Information supplied>
>>>>>

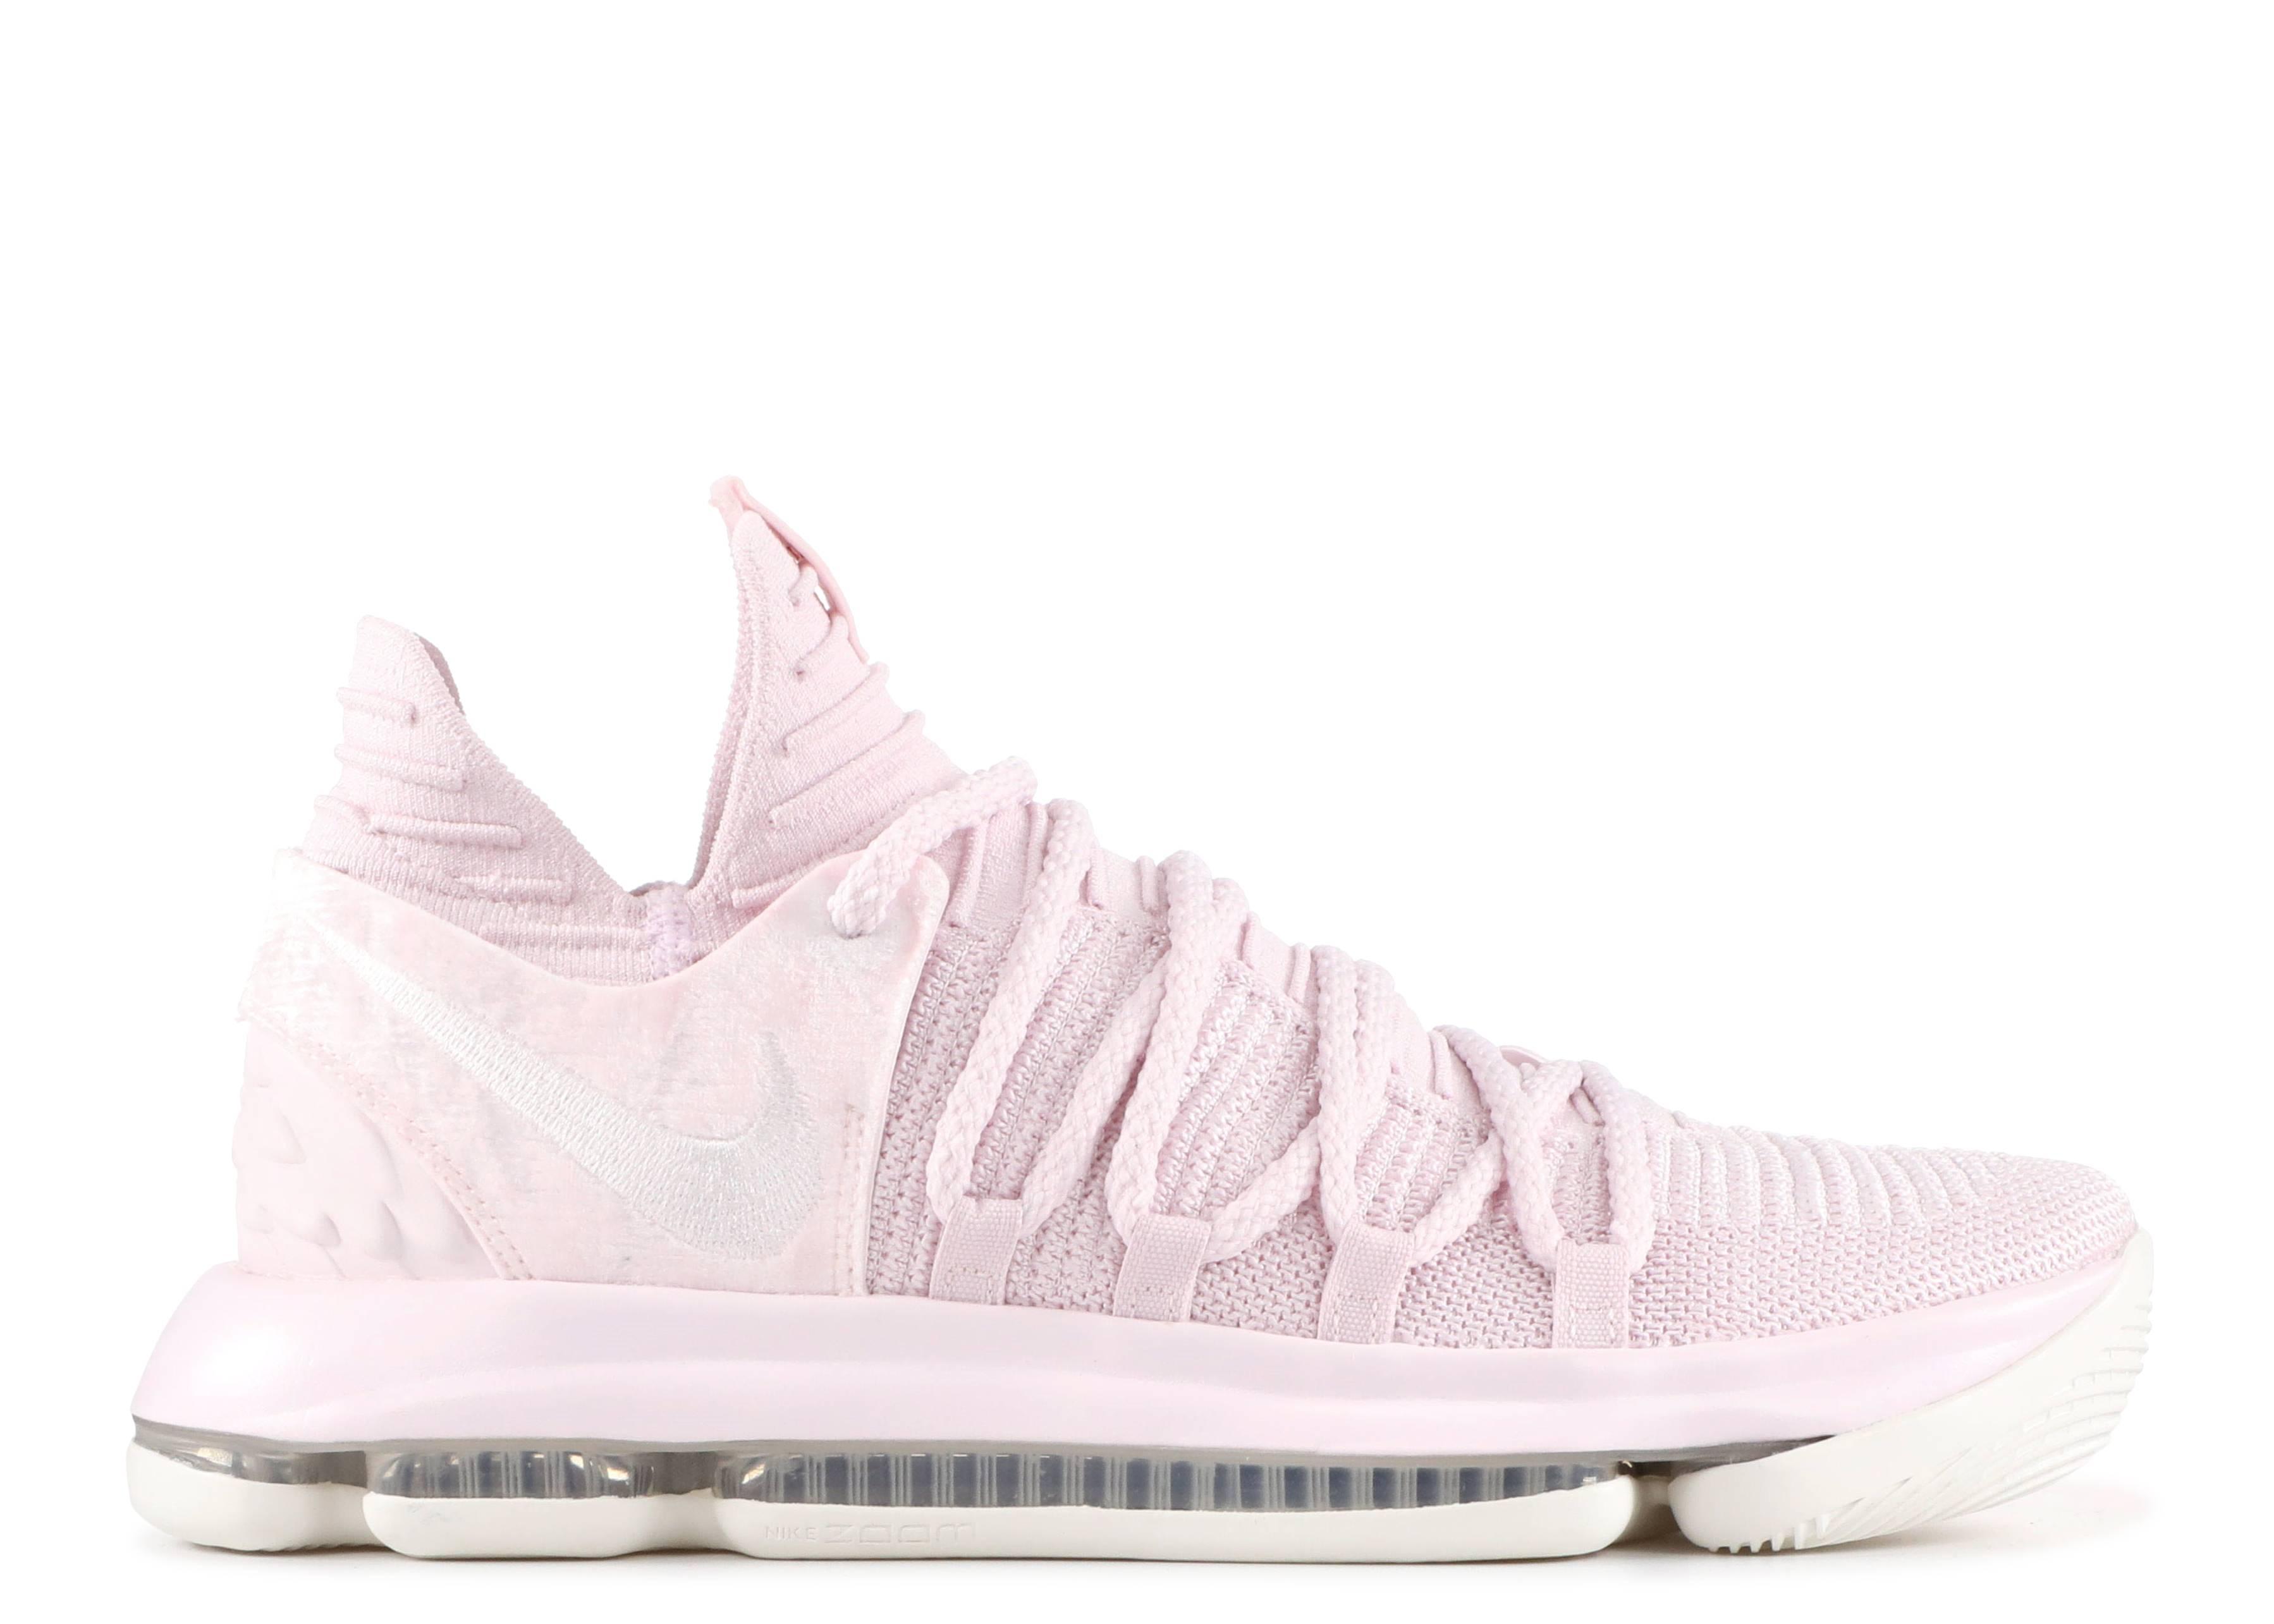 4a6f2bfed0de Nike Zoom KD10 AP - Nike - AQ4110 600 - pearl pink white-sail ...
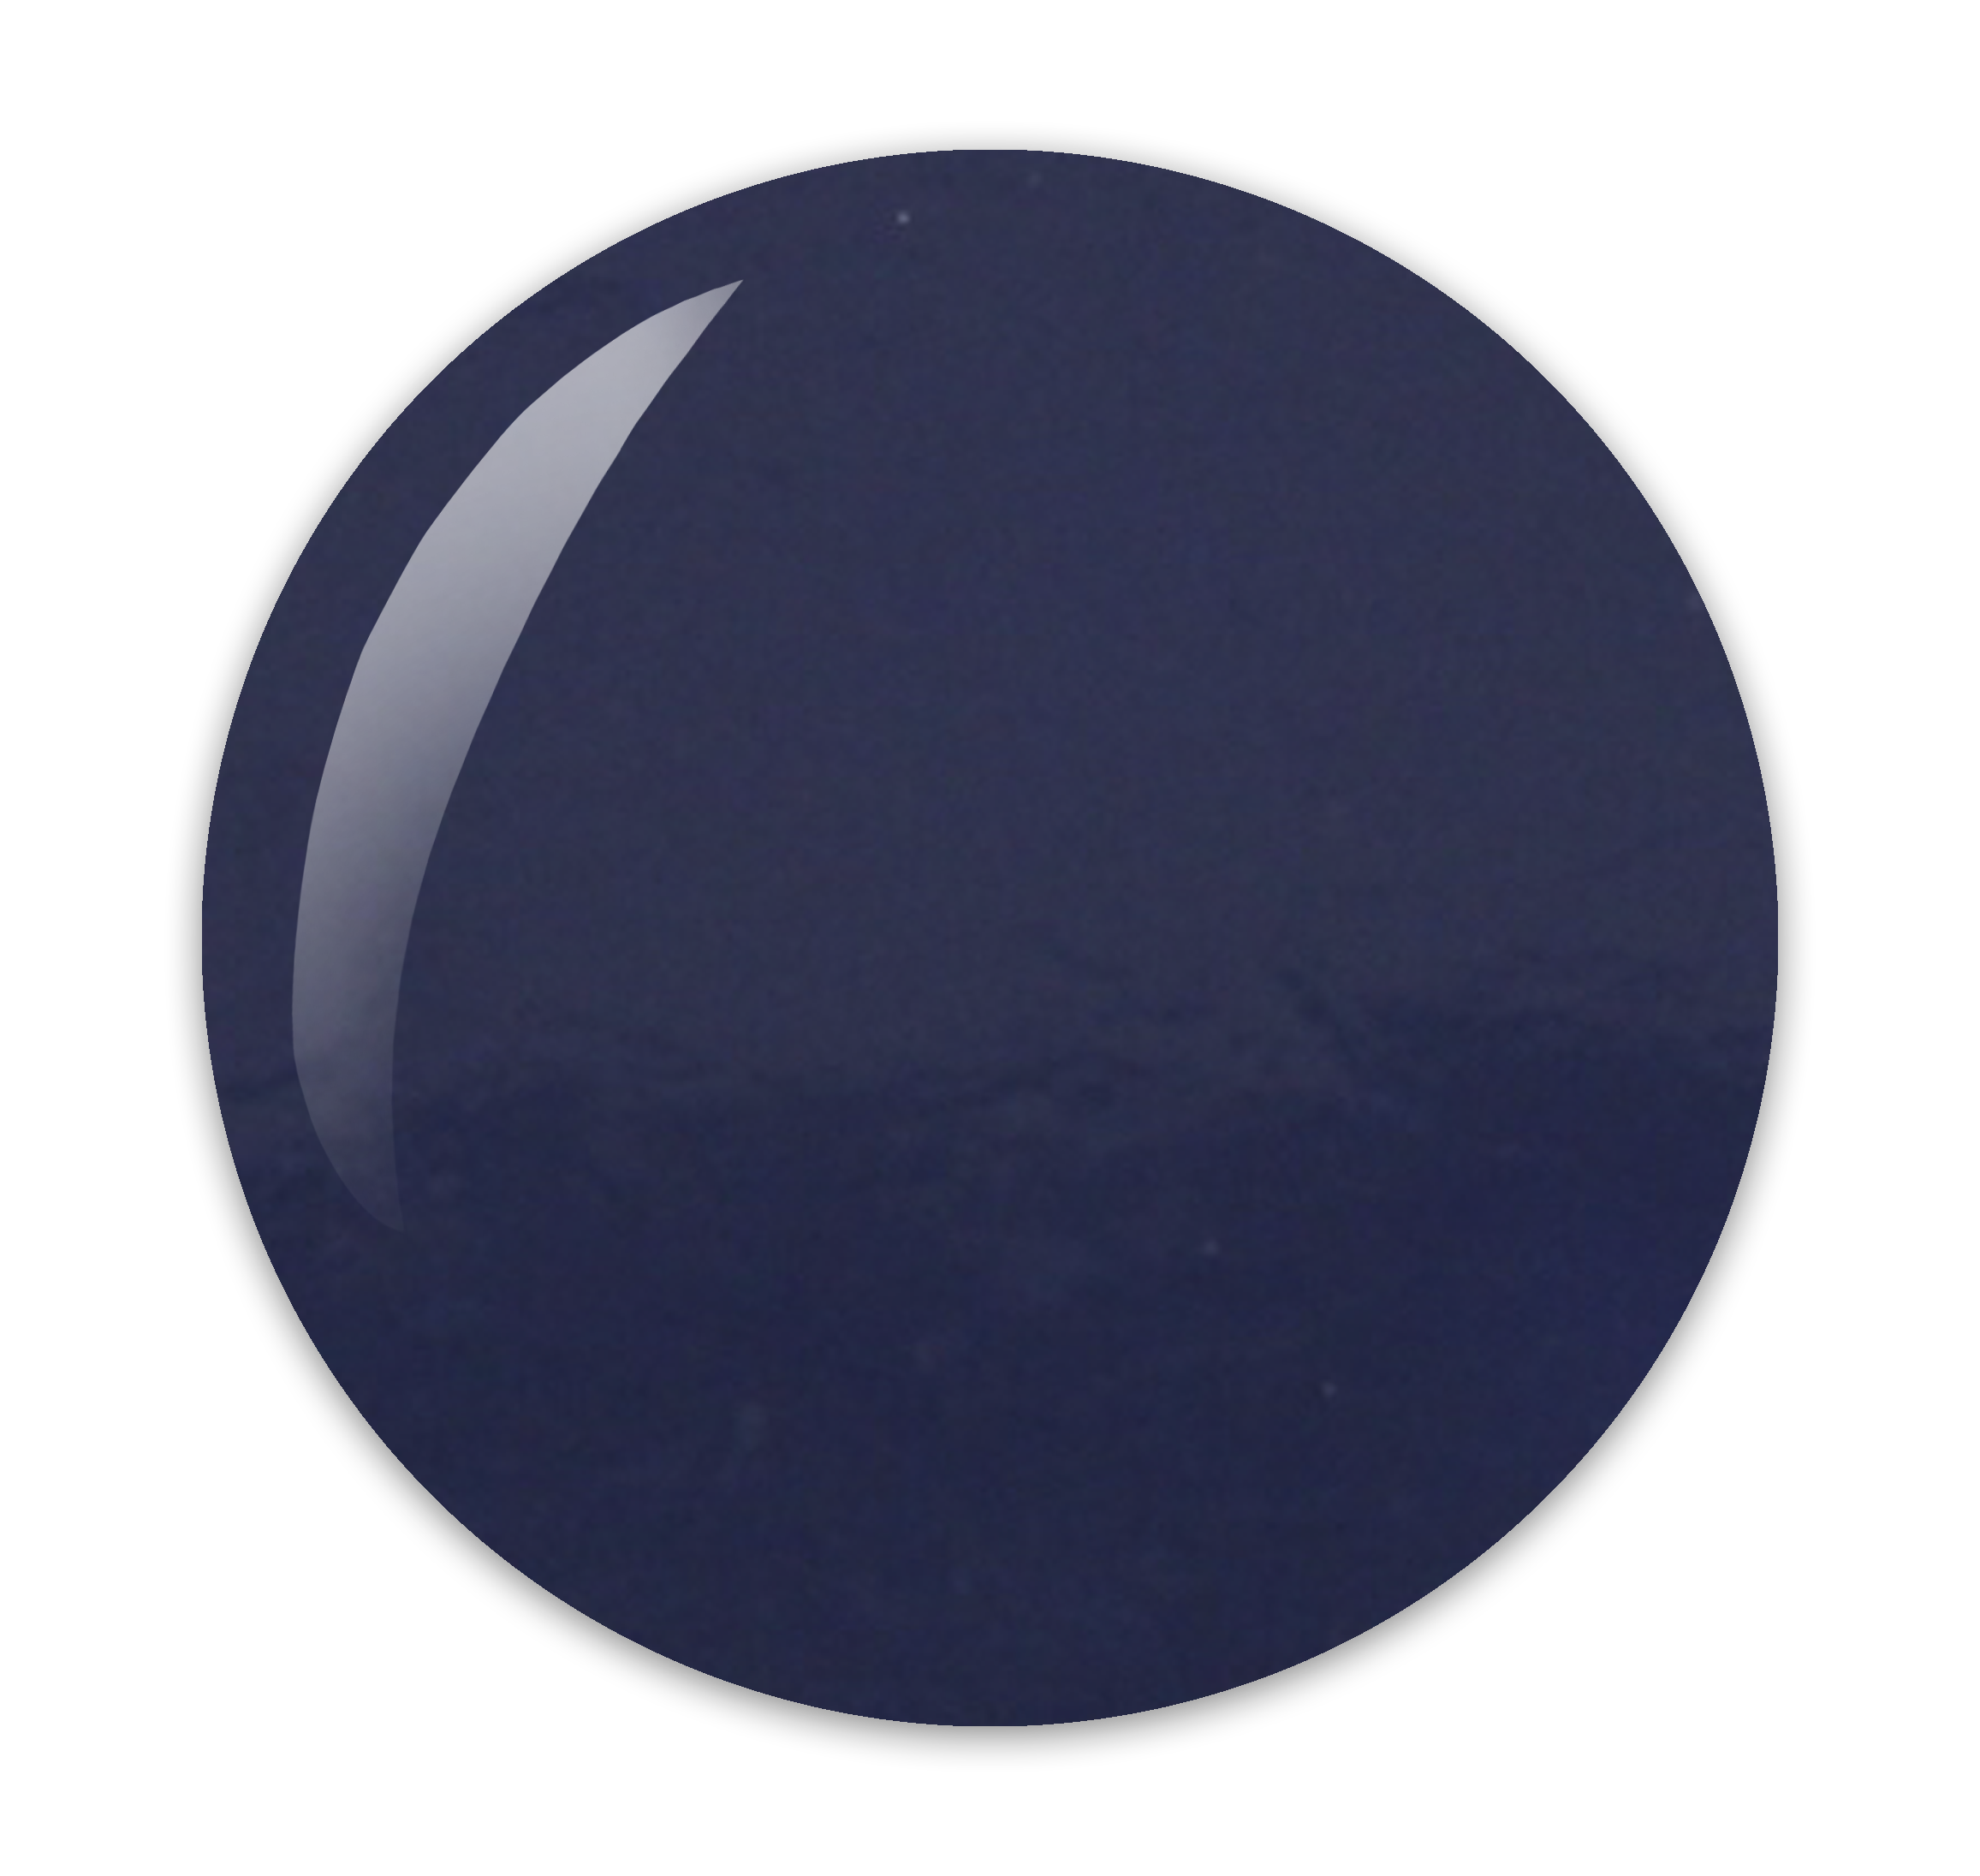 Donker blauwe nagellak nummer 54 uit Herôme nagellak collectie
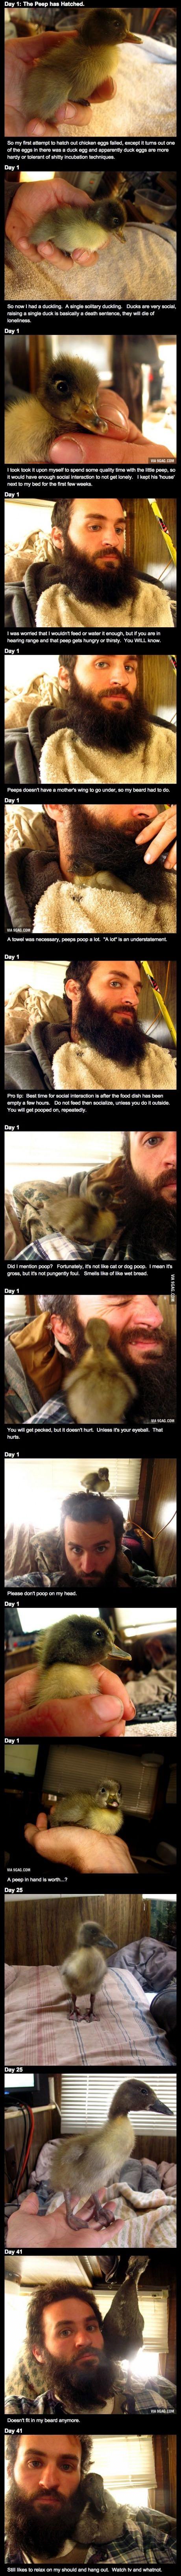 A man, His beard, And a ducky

<<<<<

Exercise> Exactly as given, set down each line of the material, but include no pictures.

Reply to the task>
 4a6f2bfed0de Nike Zoom KD10 AP - Nike - AQ4110 600 - pearl pink white-sail ...
 Donker blauwe nagellak nummer 54 uit Herôme nagellak collectie
 A man, His beard, And a ducky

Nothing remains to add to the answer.